Every time I switch on my computer I feel a twinge in my phantom limb. For years I've kept a photo of Monument Valley as my screensaver, and every morning, when I sit down to work, for a moment I think that straight road through the desert between Arizona and Utah is still there where the photo on the screen shows it to me. For more than a year now it has been the fruit of my own private hallucination.
It haunts me at every hour of the day or night and shows itself in the most insidious and painful ways. A friend invites me to his graduation ceremony at Stanford and my first reflex is “I'll go!”, then that same twinge reminds me that there is no more Stanford, no more California, and perhaps no more friend either. It takes me a few minutes to recover from the hallucination; I breathe, I stretch my legs, I close my eyes and I focus on my new world.
But it isn't easy: my brain keeps the neurological (and geographical) map of the missing limb active, the nerves send signals even though they no longer have anything to stimulate them, and cerebral plasticity completes the deception, making me believe in what does not exist.
A few days ago I was looking for a flight to Mexico — I was actually tempted by Canada too, a kind of double American surrogate — but the prices were really far too high. Then all of a sudden Skyscanner flags a cheap flight for me. I was one step from booking when I noticed it had a layover in Dallas. I fell for it again: first an itch, then a burning, finally a sharp pain right there, where America used to be.
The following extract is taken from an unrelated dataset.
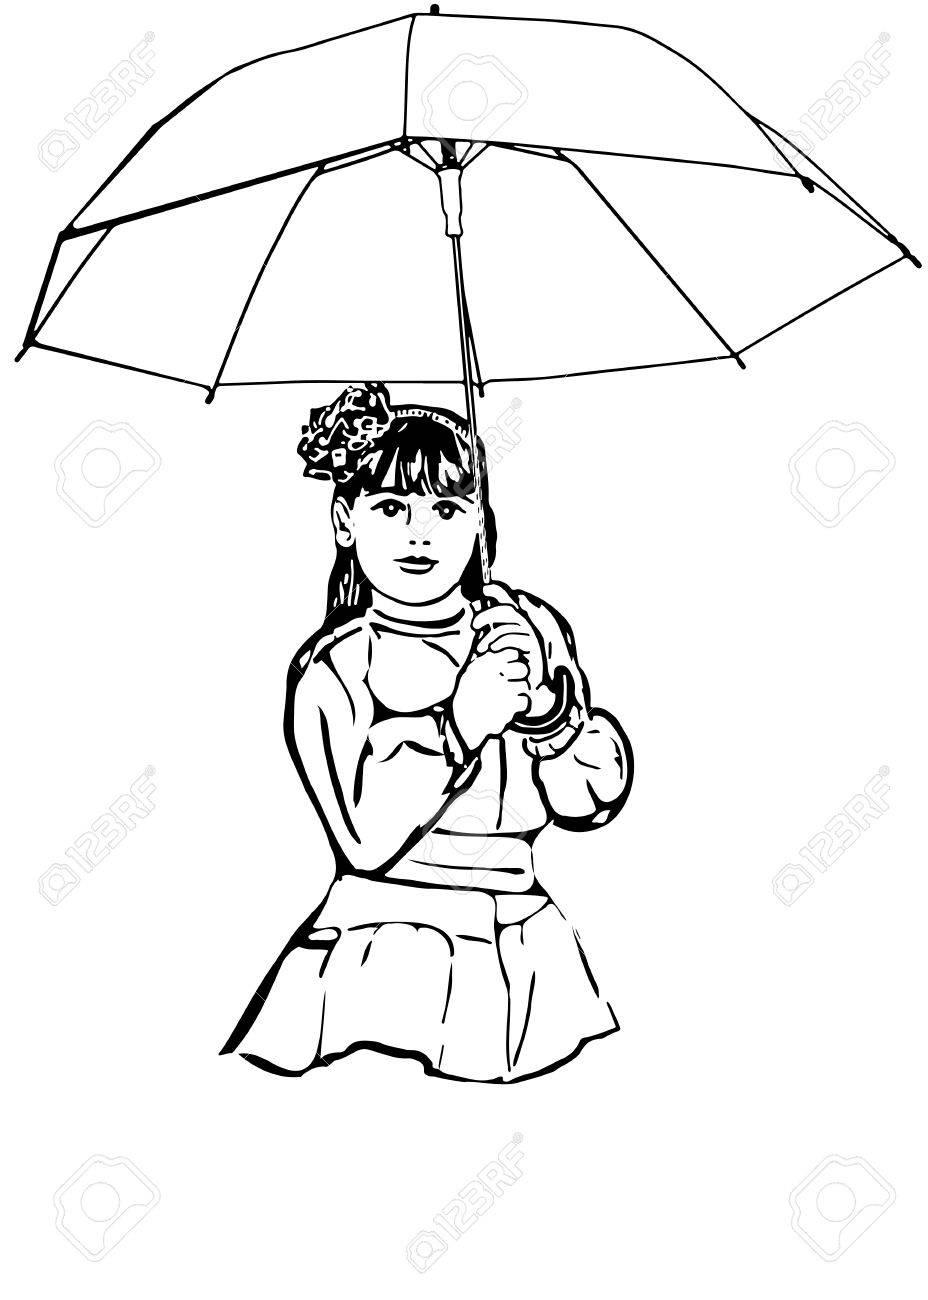 Schwarz Weiß Vektor Skizze Eines Schönen Kleinen Mädchen Unter Dem

If only I could stop over in Dallas and save a few hundred euros on the way to Mexico: that city Skyscanner shows me so invitingly isn't there, it's only the deceptive memory of an extinct habit. I try taking an aspirin but I know it won't be enough.
America was amputated from me on 20 January 2025, but I still feel it in its place. To tell the truth, something had already started to go wrong back in 2017. Strange pains during the night, pins and needles. I began to worry when I had trouble moving it: it slipped out of my control, it hid, it reared up, it made strange noises. I kept telling myself: “surely it's not a stroke?”. Then I felt a bit better for a few years, I thought it was all sorted out, but no. Since last January it all started again at excruciating levels. I saw various specialists, had every kind of test, but in the end the prognosis was grim: it has to be amputated, no way around it.
I couldn't believe it, I told everyone: there has to be another solution, how am I supposed to live without America, it's a part of me, I can't give it up. But in the end I had to give in: a clean, precise cut and let's hear no more about it. Yet this is exactly where I was fooling myself. I thought amputation would solve everything. Sure, at first I braced for the trauma, I was ready for a long rehabilitation, but the experts told me I'd get used to it in the end. “These days there are excellent prosthetics” they'd tell me, and there I was, believing them.
Instead, from the very first time I woke up, America was still there, or at least that was my hallucination. The sensation that it had stayed attached to me, with its whole retinue of pains, jolts, itches, was more than real. The nerve signals were still firing; a book, a film, a piece of news, a photo was all it took, and there was America at my side again. It speaks to me from books, from films, from the news; sometimes it's a warm feeling, comforting, almost like love, other times it's an irritation, an embarrassment, a despair.
It consoles me not to be alone. The syndrome is extremely widespread; it strikes heads of state and government too, entire countries in the grip of the same hallucination. All of them convinced that America is still in its place, there for us as always. As for the prosthetics, they're still being developed, they'll certainly be very expensive, even though plenty of people believe that by some strange miracle things might go back to the way they were. I don't believe it; I'm already on the waiting list for a transplant.